Mr. Khosla explained his view of such an upcoming “techno-economic war” between the world’s two superpowers at a recent discussion hosted by APARC’s China Program. Laura Stone, APARC's inaugural China Policy Fellow, joined Mr. Khosla for a fireside chat.
The event took place at a critical juncture in the U.S.-China tech competition, just weeks after U.S. members of a House panel united to emphasize their concerns over the popular app TikTok. TikTok's uncertain future in the U.S. has added strain on the U.S.-China relationship.
Mr. Khosla sees bipartisan criticism of TikTok as a validation of his concern about Chinese influence in the United States. He declared, "There's zero chance TikTok won't be controlled by the Communist Party. Zero chance," and went on to ask the audience, "Do we want that in this country?"

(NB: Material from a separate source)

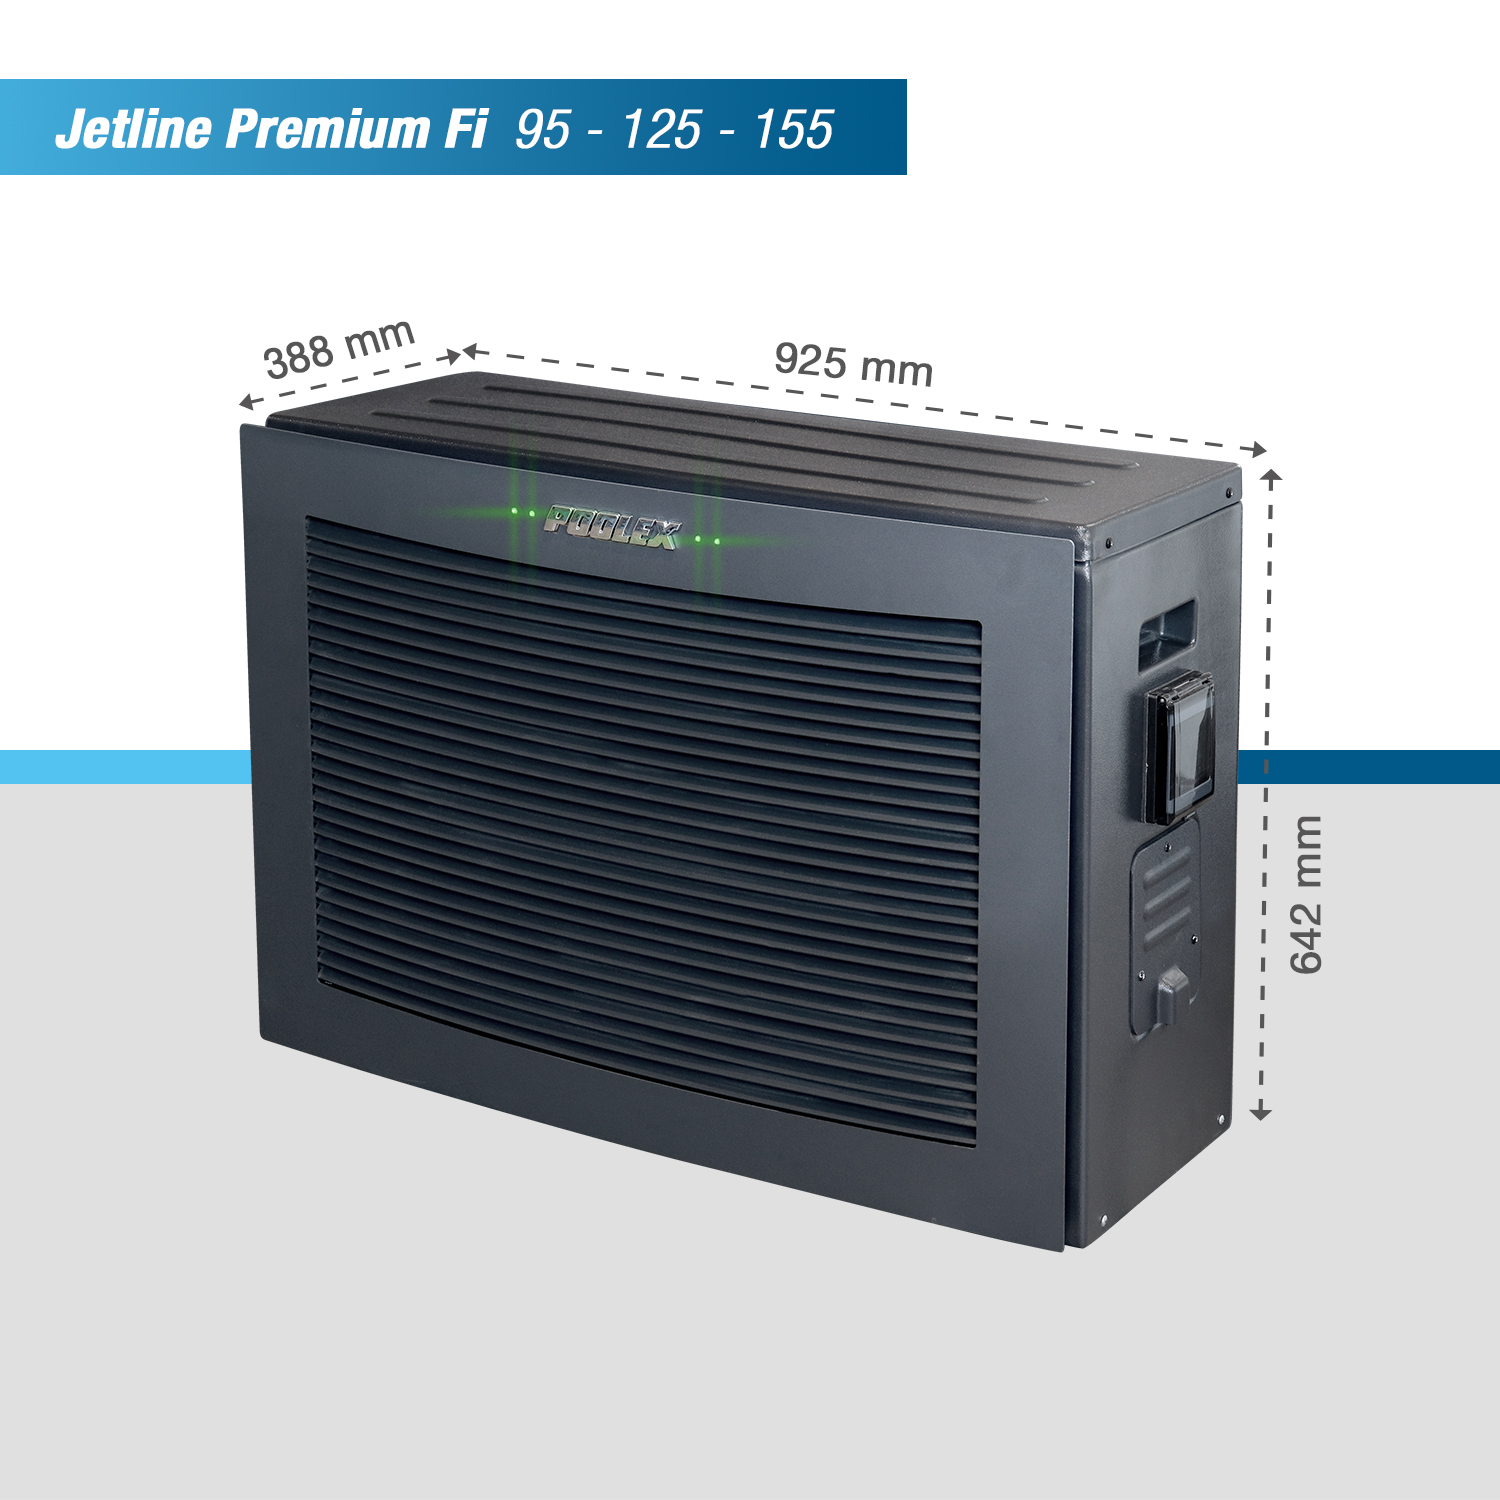 Poolex Jetline Premium Fi, dimensions moyenne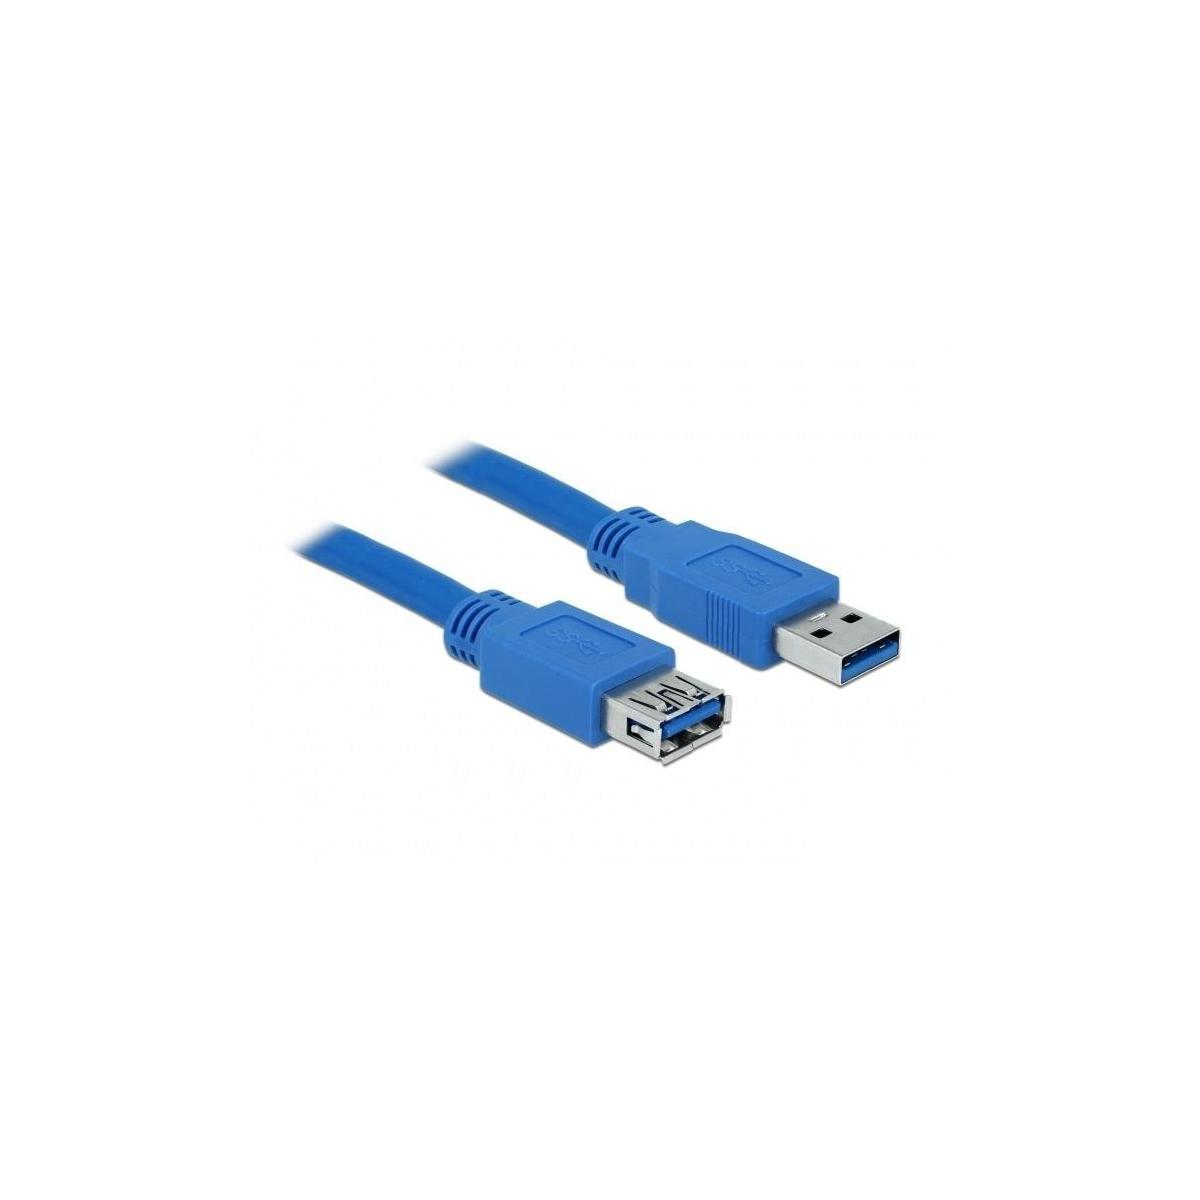 DELOCK DELOCK Kabel USB & Kabel, Peripheriegeräte mehrfarbig Verlaeng 3.0 5mSt/B A/A USB Zubehör

Mr. Khosla believes that countries’ ability to harness critical emerging technologies like AI and fusion energy will determine who will become a dominant power in the technological landscape of the 21st century. He went on to describe how technological competition has become a proxy for the ideological struggle between Western values and the Chinese political system. In his view, the United States must take measures to secure dominance in the tech field if it is to remain competitive on the world stage.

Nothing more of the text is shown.